Approximately half the potential STEM talent pool consists of women. Therefore, in 2000, a United States government commission was charged with developing strategies to attract more women and minorities in STEM careers. The commission reported to the Committee on Science of the House of Representatives that significant barriers to these goals persist (Committee on Science, 2000). Such deterrents range from differing male/female attitudes toward science and technology that begin to diverge as early as elementary and middle school, to the absence of women faculty, mentors, and fellow students in college and university classrooms that create a “chilly climate for women” in these areas (AAUW, 2000; Seymour, 1999).

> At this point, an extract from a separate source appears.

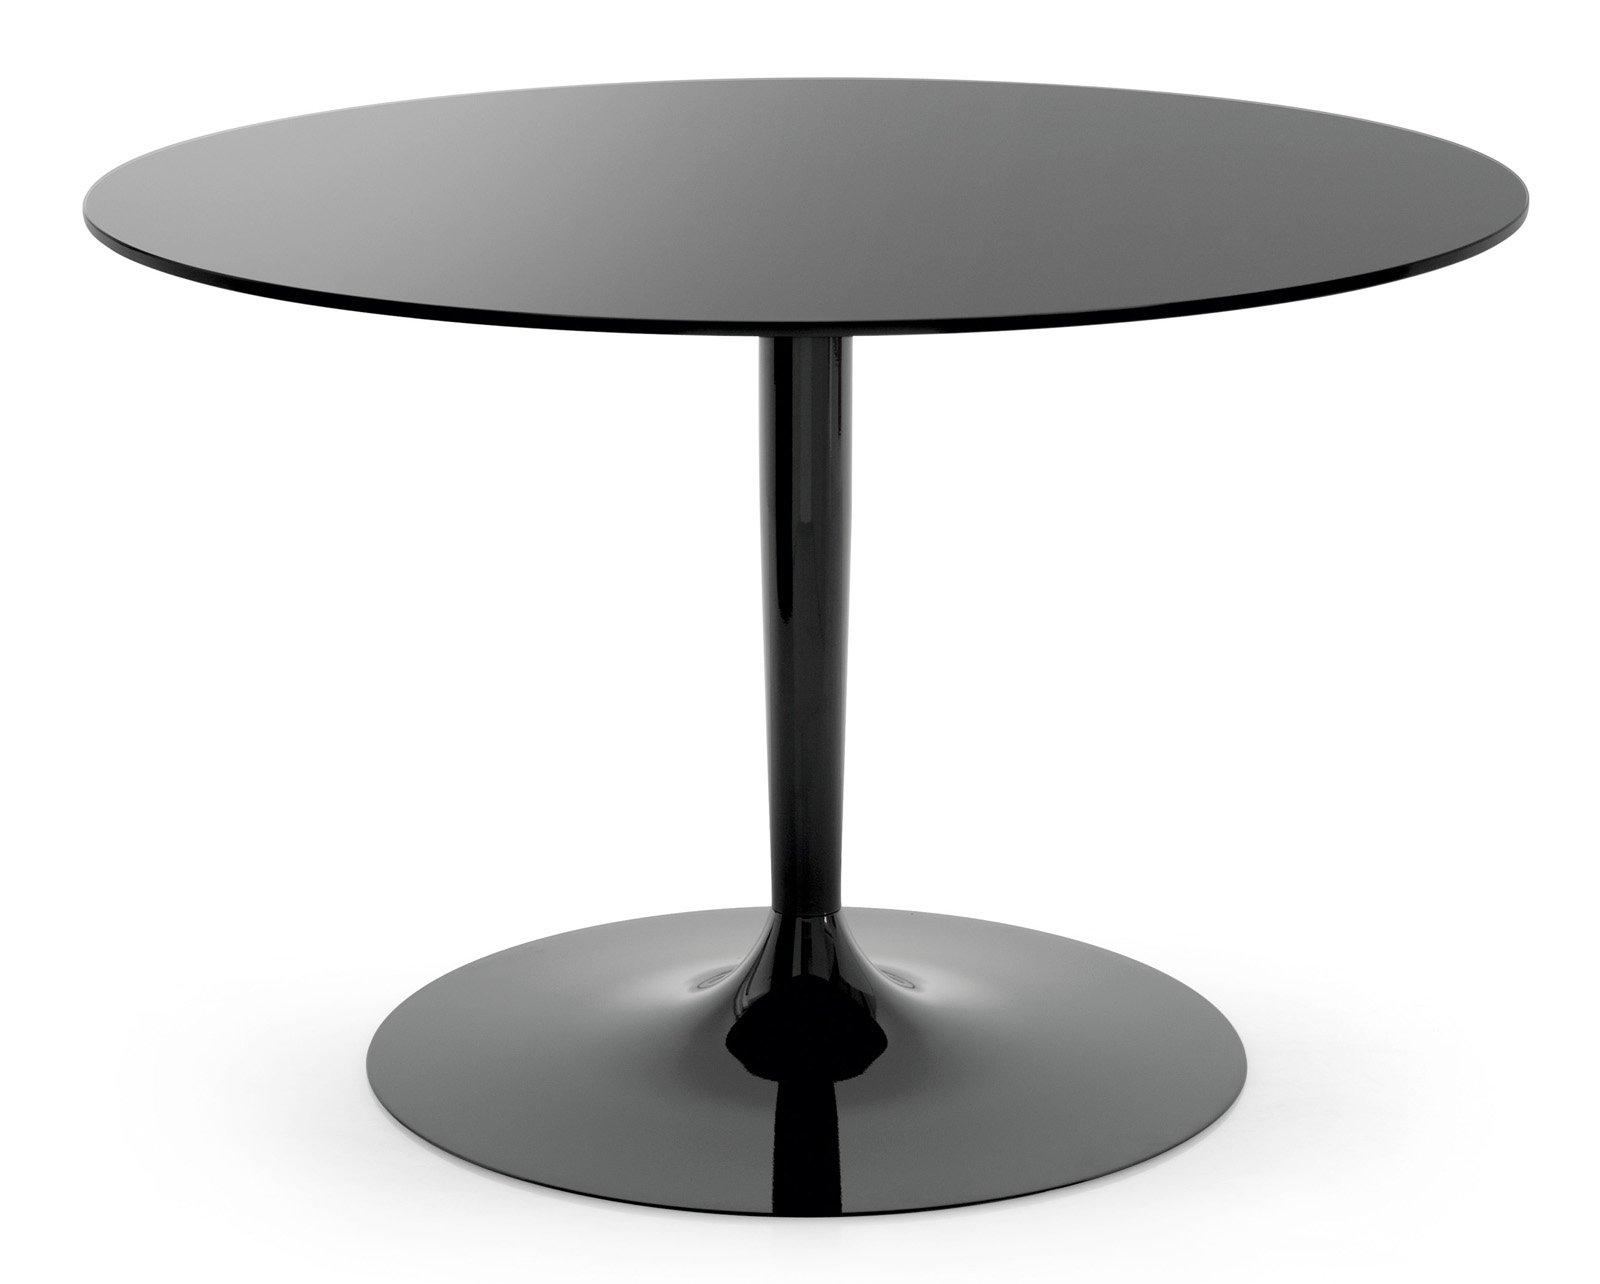 cucina e soggiorno insieme ikea: vovell.com sprei bonita hello ... - Cucina E Soggiorno Insieme Ikea

A recent report by the Committee on Maximizing the Potential of Women in Academic Science and Engineering, created by the National Academies (2007) affirmed that women have the ability and drive to succeed in science and engineering, but they face persistent structural barriers and personal bias. As the result, they continue to be lost throughout every phase of their education. The report concludes that failure to act will be detrimental to our nation’s competitiveness.